参考消息がロシアの「コムソモリスカヤ・プラウダ」ウェブサイトの6月8日の報道を引用して伝えたところによると、イーロン・マスク氏の宇宙開発技術会社(SpaceX)が打ち上げた「スターリンク」衛星が相次いで落下しています。

SpaceXは2019年に初めて「スターリンク」衛星を打ち上げ、2020年にはすでに衛星の落下が報告されていました。しかし、マスク氏が打ち上げた「スターリンク」衛星の数が膨大であるため、当初の落下数は合理的な範囲内でした。2020年にはわずか2基の衛星が落下しました。しかし、2021年には落下数が78基に急増。その後の2年間もほぼこの水準を維持しました(2022年には99基、2023年には88基が落下)。しかし、昨年は奇妙な変化が発生し、316基の衛星が大気圏で焼失しました。これにより、「スターリンク」は合計583基の衛星を失いました。約15基に1基が落下していることになりますが、一体何が起こっているのでしょうか?

研究チームは衛星の落下時期と様々な自然現象を比較し、衛星の落下と太陽活動との間に明確な関連性があることを発見しました。

研究報告書は、「我々は、現在の太陽活動度の増加が『スターリンク』衛星の大気圏突入に顕著な影響を与えていることを明確に発見しました。これは、今回の太陽活動のピーク期に地球低軌道衛星の数が人類史上最高レベルに達しているため、衛星の軌道抵抗を研究する絶好の機会です」と指摘しています。
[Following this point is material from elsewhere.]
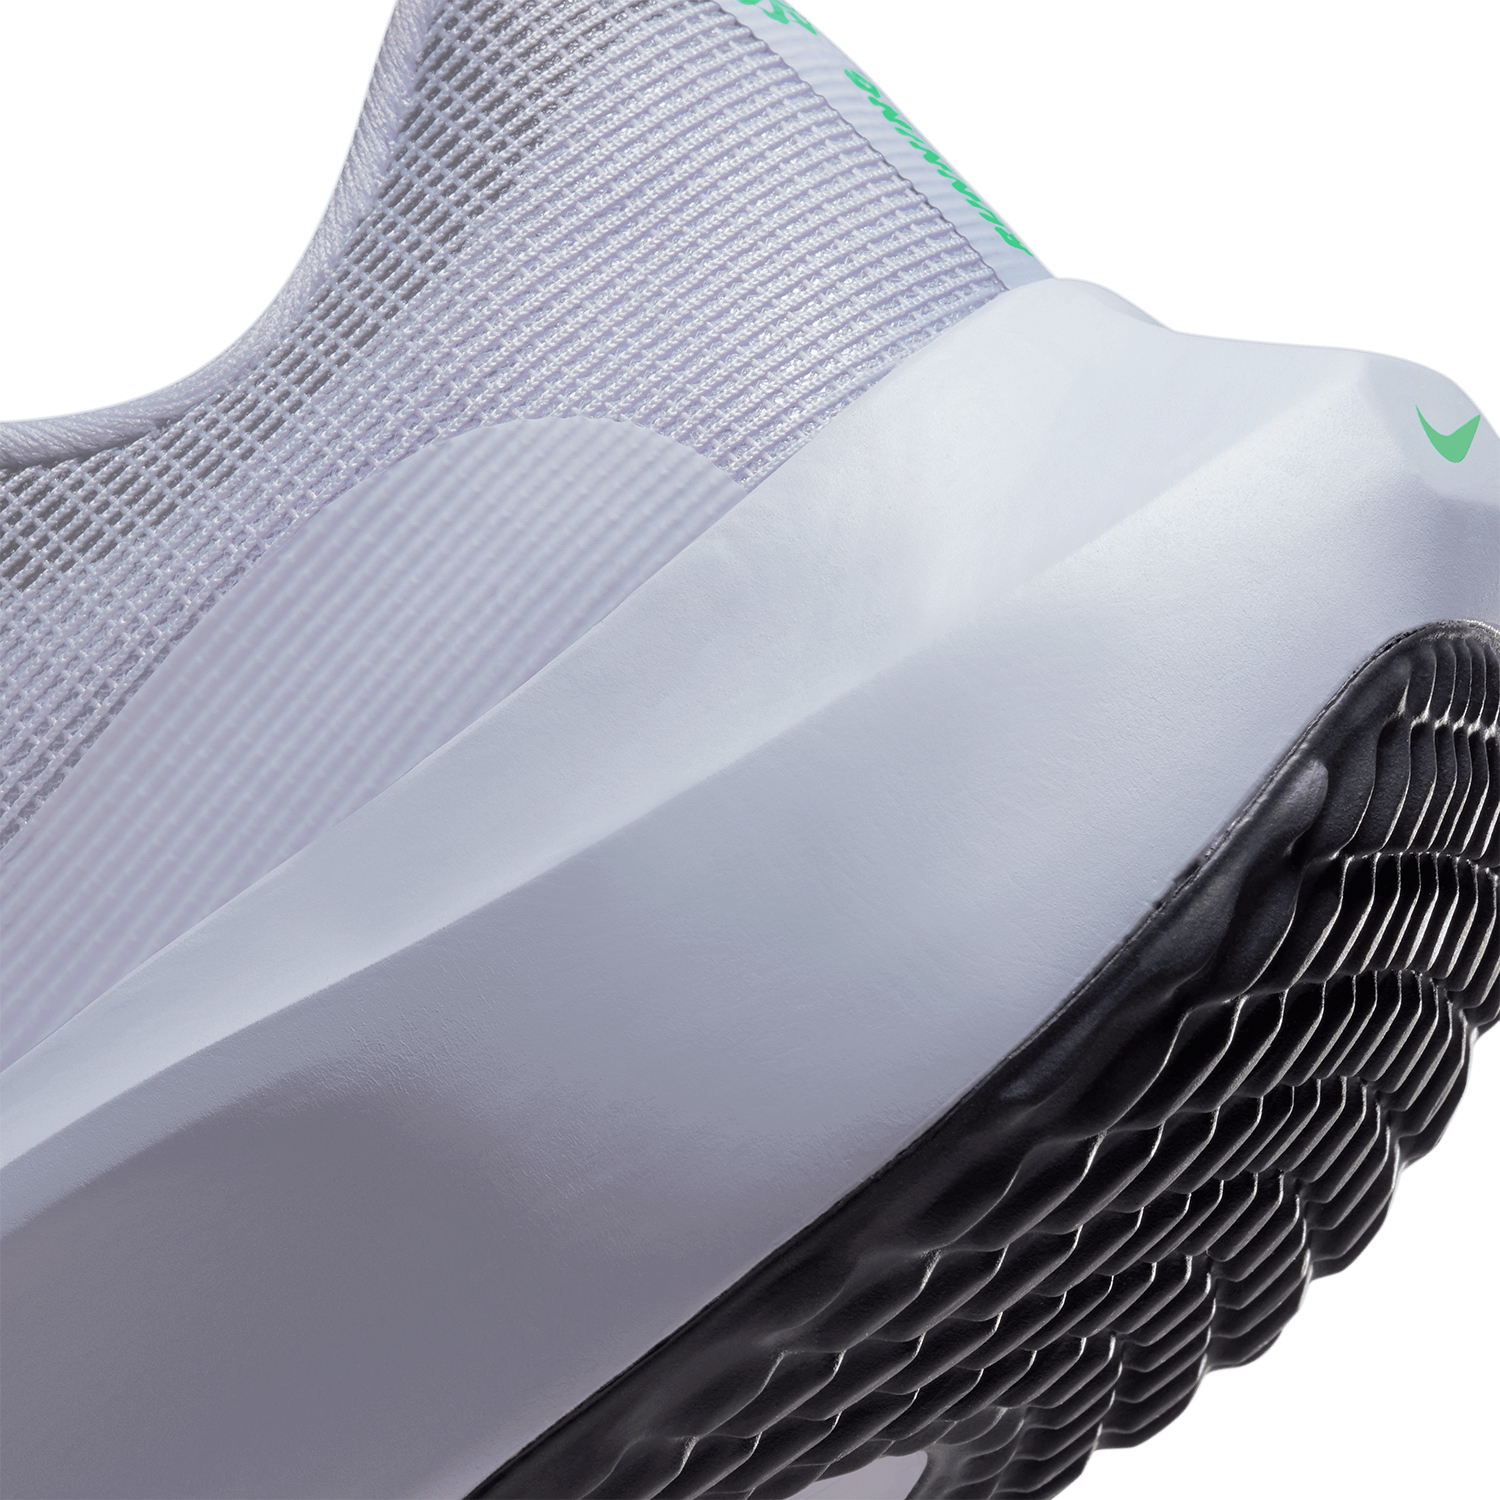 Nike Zoom Fly 5 Men's Running Shoes - Oxygen Purple/Gridiron

「スターリンク」衛星の打ち上げは2019年に始まりましたが、当時は太陽活動の低迷期でした。NASAの統計によると、昨年は太陽活動のピーク期でした。

太陽活動の周期は約11年です。太陽表面に多くの黒点が出現すると、強い爆発や太陽フレアが発生します。太陽風はコロナホールから噴出し、その一部が地球方向に向かって飛び、磁気嵐を引き起こします。太陽プラズマが地球に到達し、磁気嵐を引き起こすと、別の効果も発生します。それは上層大気の加熱現象です。大気圏が加熱されて膨張すると、衛星はより大きな飛行抵抗を受け、軌道を逸脱して最終的に落下します。
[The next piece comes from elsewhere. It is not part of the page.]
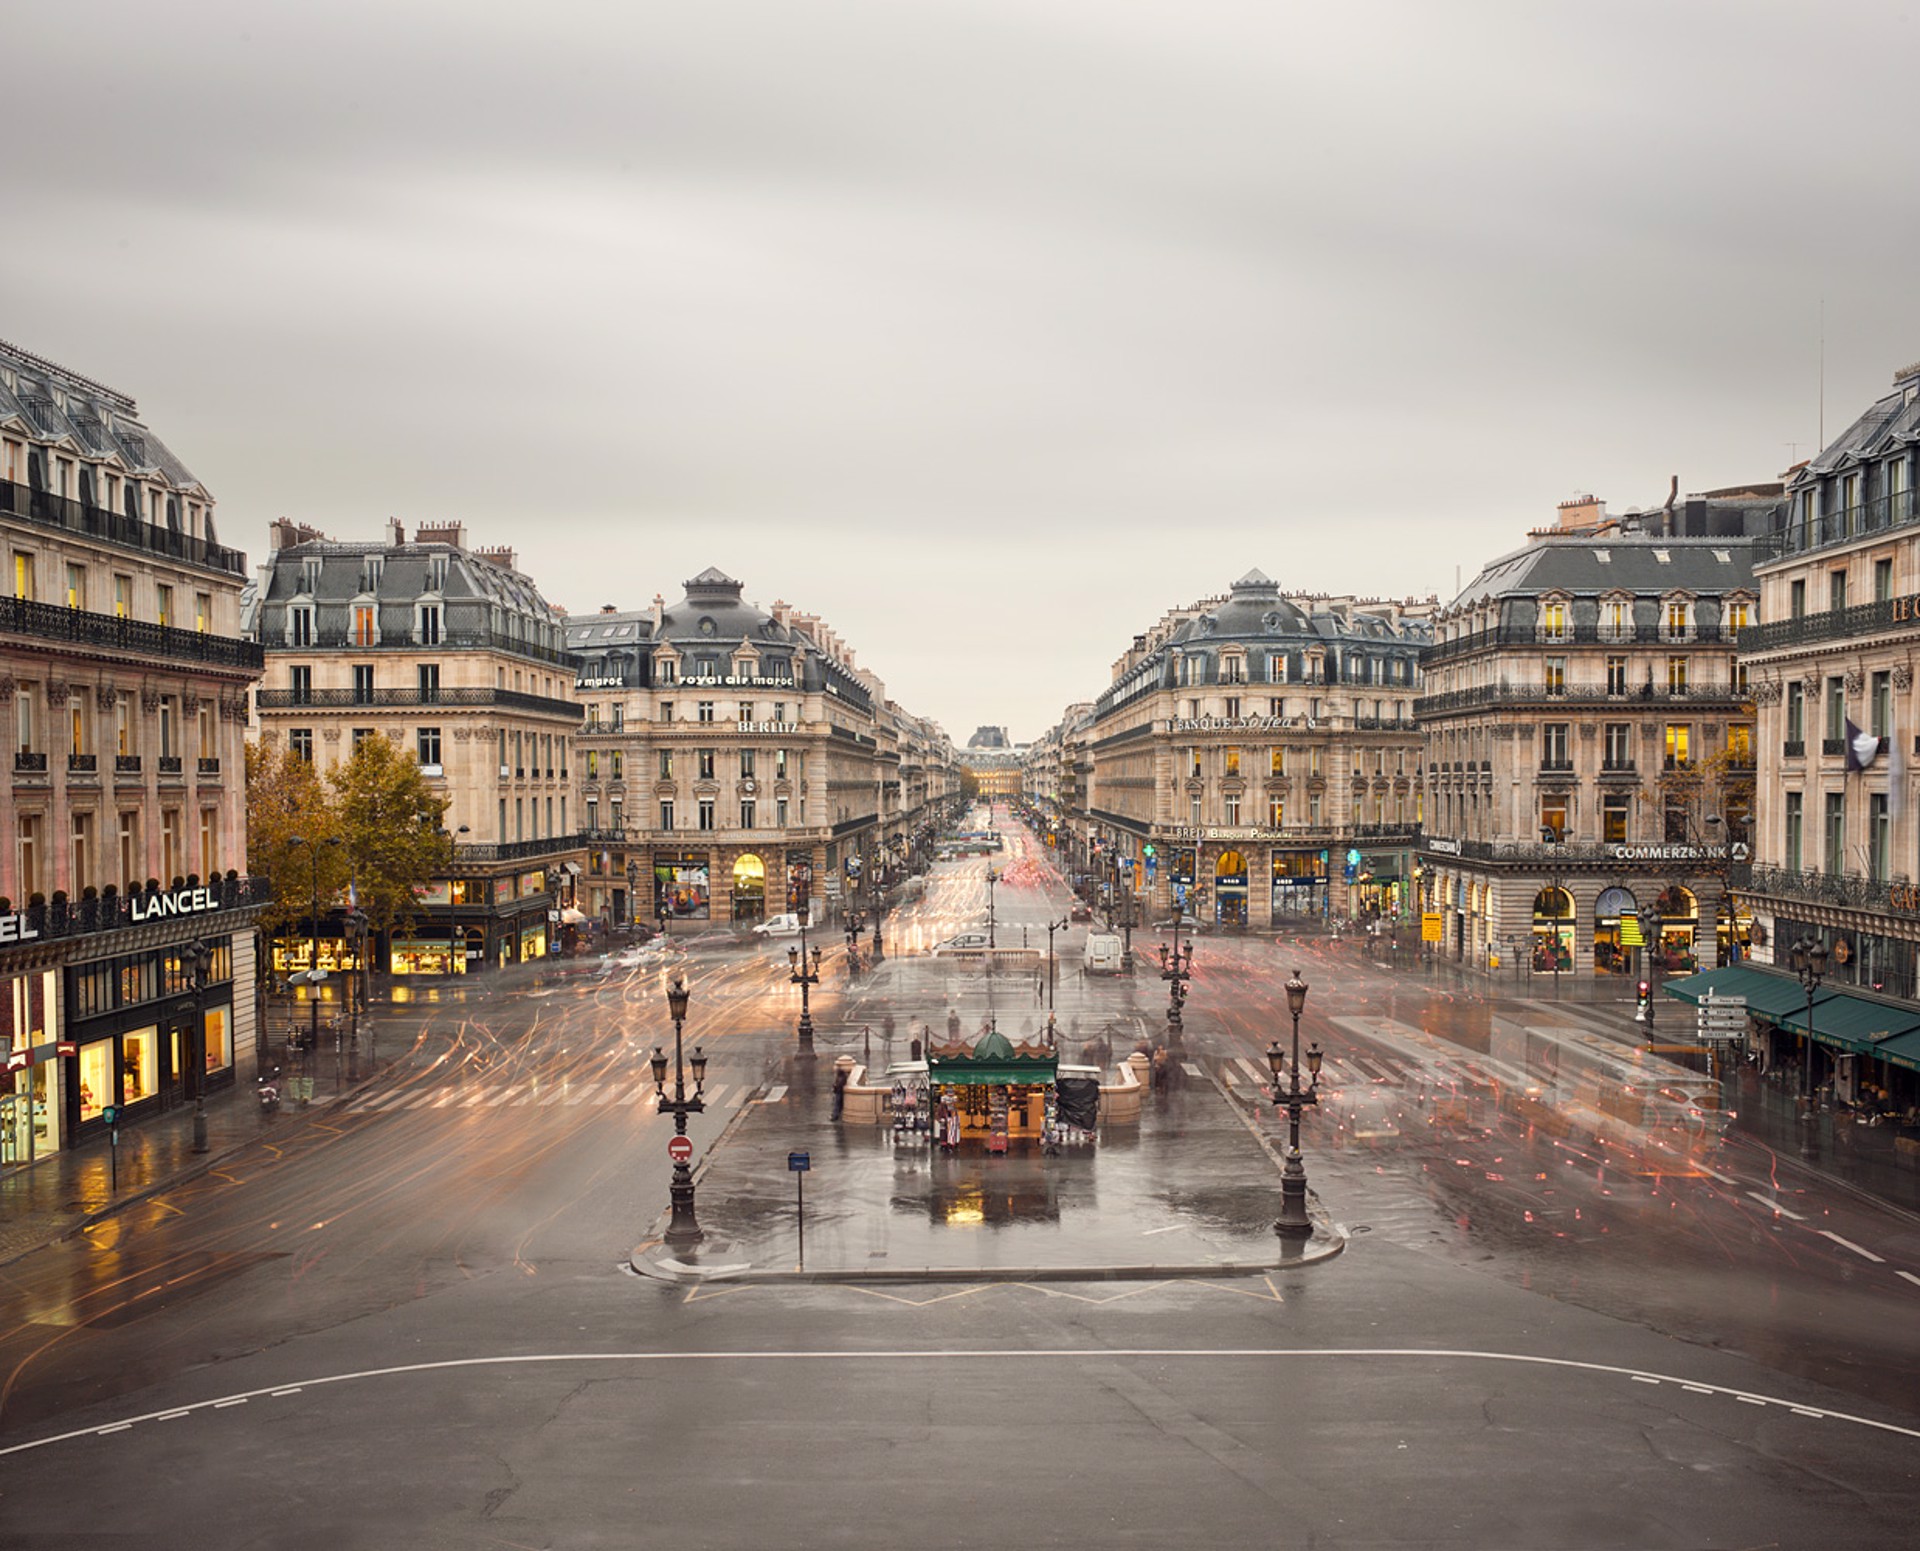 Place de Opera Paris, France, by David Burdeny

2022年2月4日、磁気嵐によりSpaceXは打ち上げに成功したばかりの「スターリンク」衛星40基を失いました。SpaceXの公式サイトが発表した情報によると、これらの衛星は磁気嵐の影響下で、約1日の間に大気抵抗が50%増加し、軌道高度を再上昇させることができなくなり、最終的に大気圏に再突入して焼失しました。
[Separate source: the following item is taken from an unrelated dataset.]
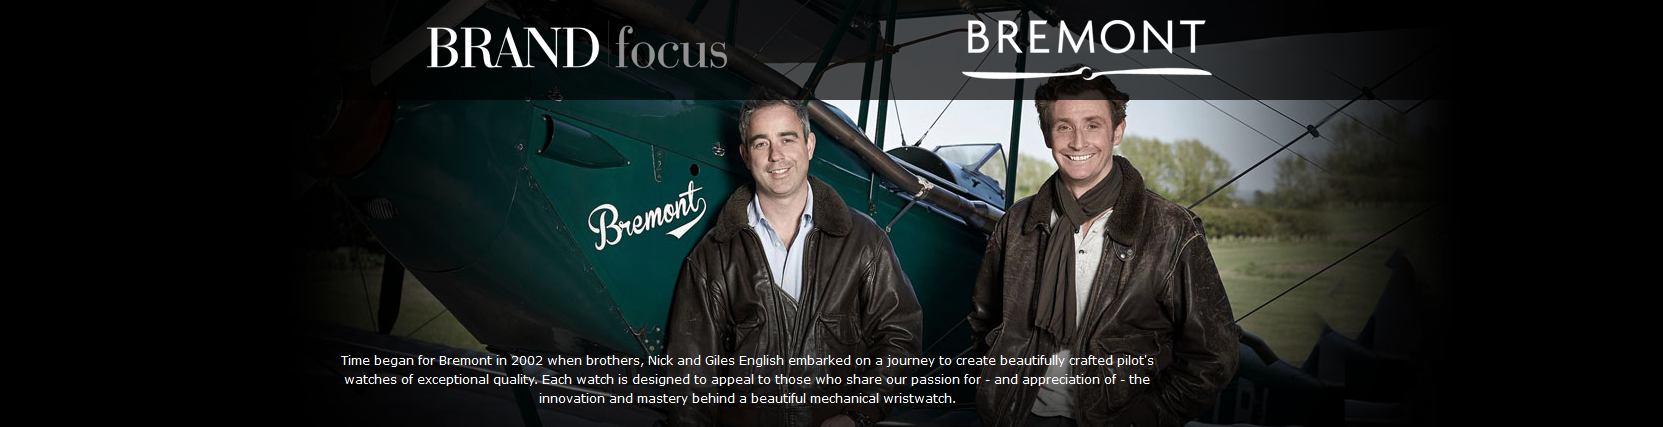 Screenshot-2018-2-3 Bremont Brand Focus Beaverbrooks the Jewellers.png

この現象は全体的には理解できますが、多くの謎が残されています。例えば、研究報告書は、衛星の70%が強い磁気嵐の期間ではなく、中程度および弱い磁気嵐の期間に落下したと指摘しています。これは、弱い磁気嵐の方が通常持続時間が長く、ゆっくりと軌道を「侵食」し、衛星を避けられない結末へと押しやっている可能性があるためです。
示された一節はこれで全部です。